US 12,249,116 B2
Concept disambiguation using multimodal embeddings
Venkata Naveen Kumar Yadav Marri, Fremont, CA (US); and Ajinkya Gorakhnath Kale, San Jose, CA (US)
Assigned to ADOBE INC., San Jose, CA (US)
Filed by ADOBE INC., San Jose, CA (US)
Filed on Mar. 23, 2022, as Appl. No. 17/656,147.
Prior Publication US 2023/0326178 A1, Oct. 12, 2023
Int. Cl. G06V 10/771 (2022.01); G06N 3/088 (2023.01); G06V 10/74 (2022.01); G06V 10/77 (2022.01); G06V 10/774 (2022.01); G06V 10/82 (2022.01)

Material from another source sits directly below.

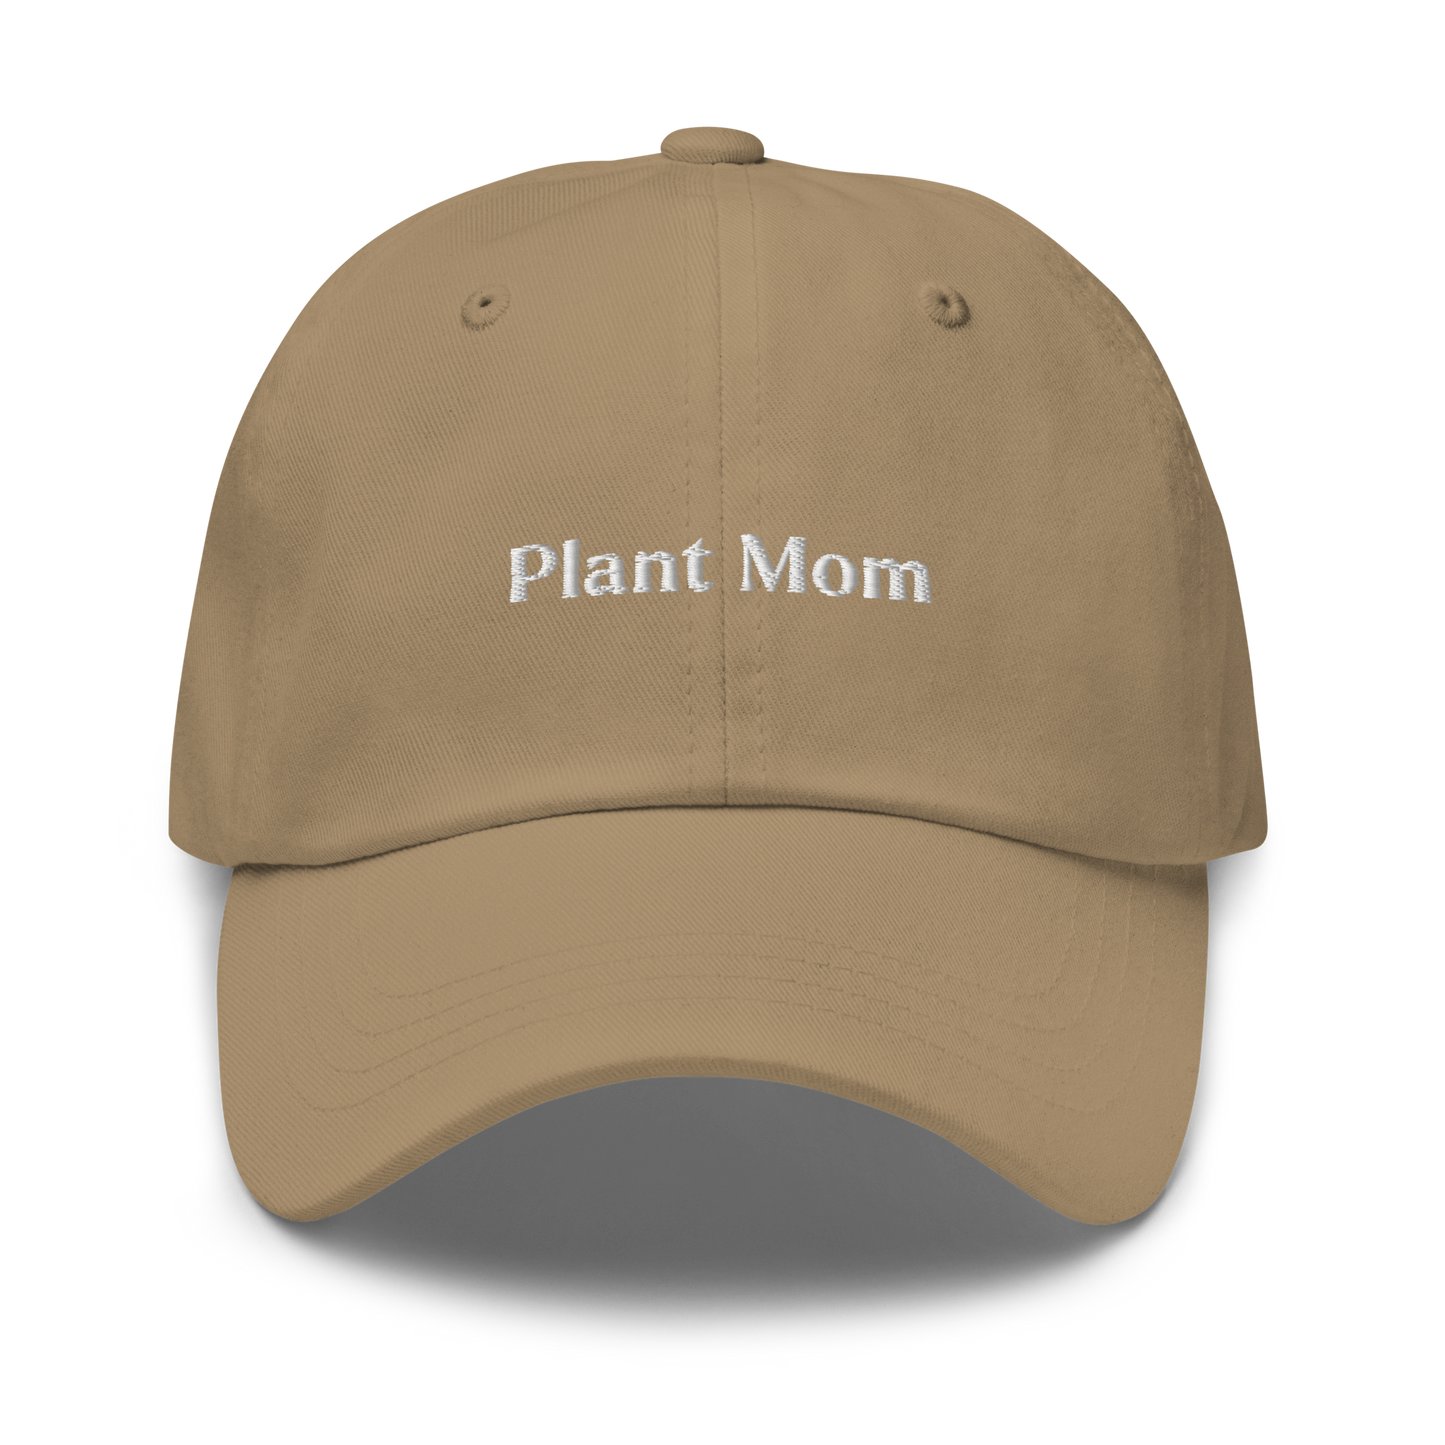 Plant Mom Baseball Cap

CPC G06V 10/761 (2022.01) [G06N 3/088 (2013.01); G06V 10/771 (2022.01); G06V 10/7715 (2022.01); G06V 10/774 (2022.01); G06V 10/82 (2022.01)] 20 Claims
OG exemplary drawing
 
1. A method for image processing, comprising:
identifying a plurality of candidate concepts in a knowledge graph (KG) that correspond to an image tag of an image, wherein the knowledge graph comprises a plurality of nodes corresponding to the plurality of candidate concepts;
generating an image embedding of the image using a multi-modal encoder;
generating a text embedding for each of the plurality of candidate concepts using the multi-modal encoder used to generate the image embedding, wherein the image embedding and the text embedding are located in a same embedding space;
selecting a matching concept from the plurality of candidate concepts based on the image embedding and the text embedding;
generating association data between the image and the matching concept; and
transmitting information from the knowledge graph corresponding to the image based on the association data between the image and the matching concept.